Studio album by T-Connection
- Released: 1977
- Studio: Criteria Recording Studios, Miami, Florida
- Genre: Funk / Soul
- Length: 39:12
- Label: Dash
- Producer: Alex Sadkin, Cory Wade, T-Connection

T-Connection chronology
| Magic (1976) | On Fire (1977) | T-Connection (1978) |

= On Fire (T-Connection album) =

On Fire is the second album by the funk band T-Connection.

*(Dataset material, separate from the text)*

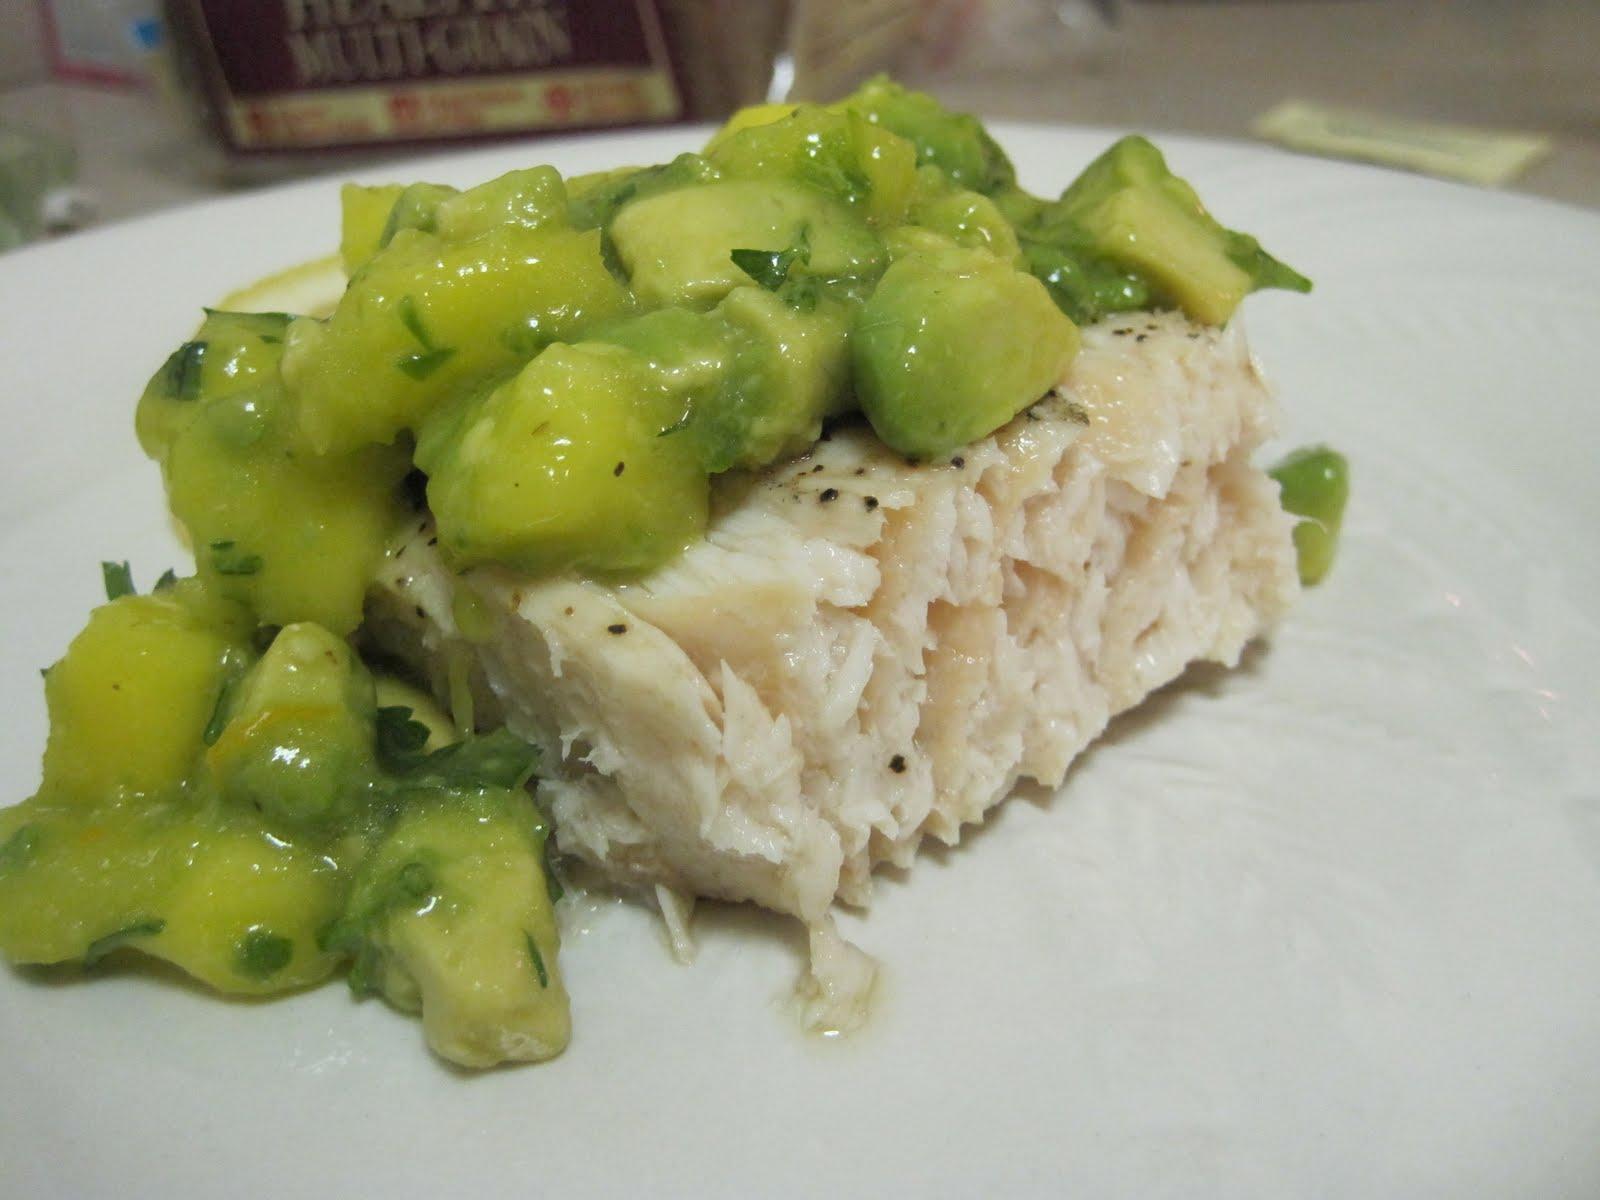 Bicoastal chefs grilled opah with mango avocado salsa for Opah fish recipes

The album was released in 1978.

== Track listing ==
All tracks composed by Theophilus Coakley; except where noted.

Side A
1. "On Fire" (7:23)
2. "Prisoner of My Mind" (4:49)
3. "Lady of the Night" (3:41)
4. "Watching You" (Monty Brown) - (3:38)

Side B
1. "Let Yourself Go" (5:00)
2. "Groove to Get Down" (4:18)
3. "Cush" (6:28)
4. "Playin' Games" (3:55)

==Reception==

Billboard magazine called On Fire an emotional album with a "lively, joyous quality", while AllMusic felt T-Connection's music was more pop than disco.

Professional ratings
Review scores
| Source | Rating |
| AllMusic |  |

==Chart performance==
In 1978, On Fire peaked at No. 139 on the Billboard Top LPs & Tape chart and No. 40 on the Billboard Soul LPs chart.